Старик дал ей вцепиться в рыбу, а потом ударил ее ножом, надетым на весло, по голове. Но акула рванулась назад, перекатываясь на спину, и лезвие ножа сломалось.

Старик уселся за руль. Он даже не стал смотреть, как медленно тонет акула, становясь все меньше, а потом и совсем крошечной. Зрелище это всегда его захватывало. Но теперь он не захотел смотреть.

— У меня остался багор, — сказал он. — Но какой от него толк? У меня есть еще два весла, румпель и дубинка.

«Вот теперь они меня одолели, — подумал он. — Я слишком стар, чтобы убивать акул дубинкой.
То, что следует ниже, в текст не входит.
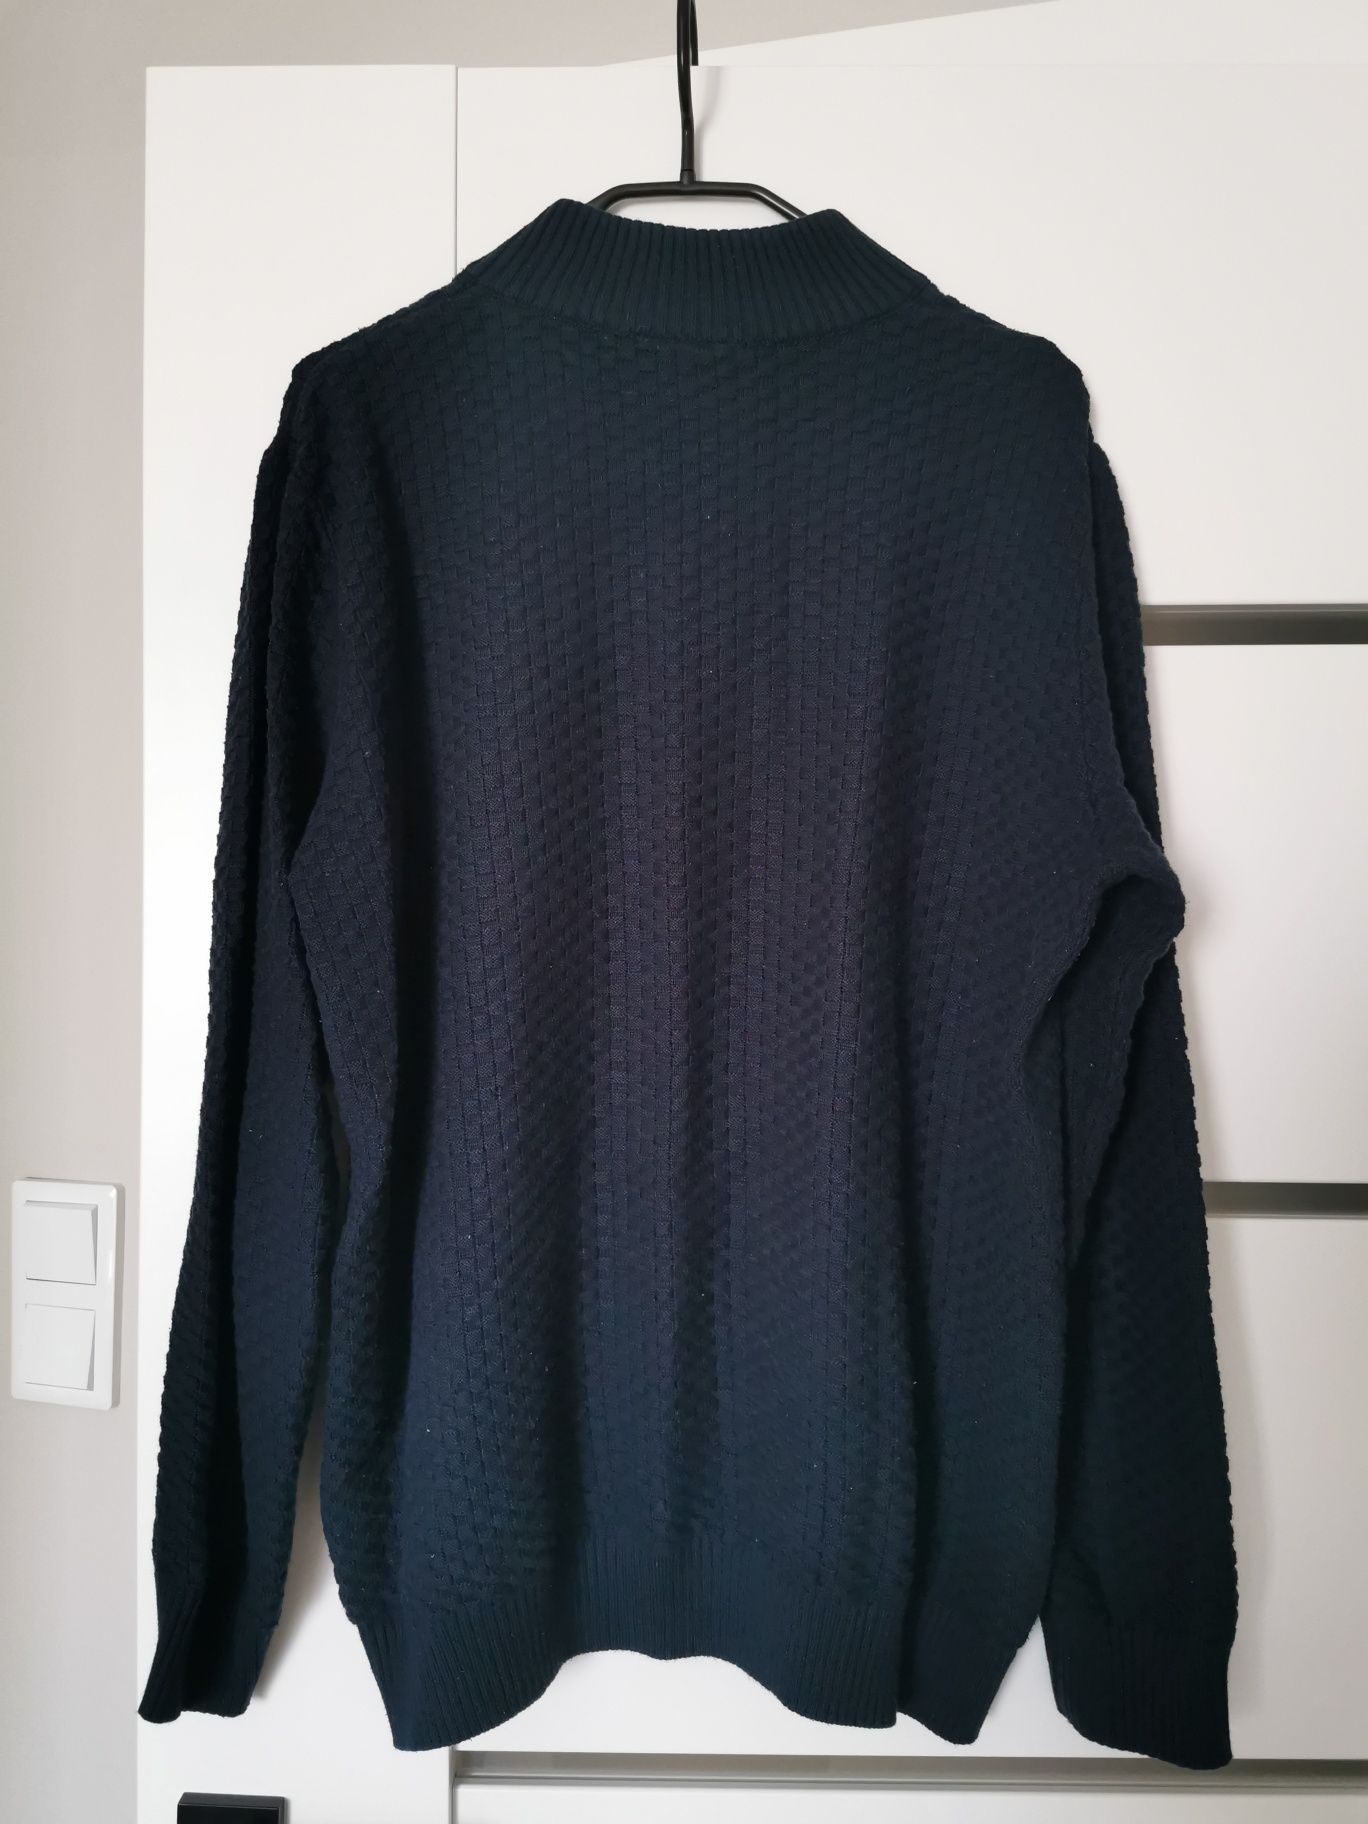 Granatowy, męski sweter XL marki Venerdi

Но я буду сражаться с ними, покуда у меня есть весла, дубинка и румпель».

Он снова окунул руки в соленую воду.

Близился вечер, и кругом было видно лишь небо да море. Ветер дул сильнее, чем прежде, и он надеялся, что скоро увидит землю.

— Ты устал, старик, — сказал он. — Душа у тебя устала.

Акулы напали на него снова только перед самым заходом солнца.

Старик увидел, как движутся коричневые плавники по широкому следу, который рыба теперь уже, несомненно, оставляла за собой в море. Они даже не рыскали по этому следу, а шли рядышком прямо на лодку.

Старик заклинил румпель, подвязал парус и достал из-под кормы дубинку. Это была отпиленная часть сломанного весла длиной около двух с половиной футов. Он мог ухватить ее как следует только одной рукой, там, где была рукоятка, и он крепко взял ее в правую руку и помотал кистью, ожидая, когда подойдут акулы. Их было две, и обе они были galanos.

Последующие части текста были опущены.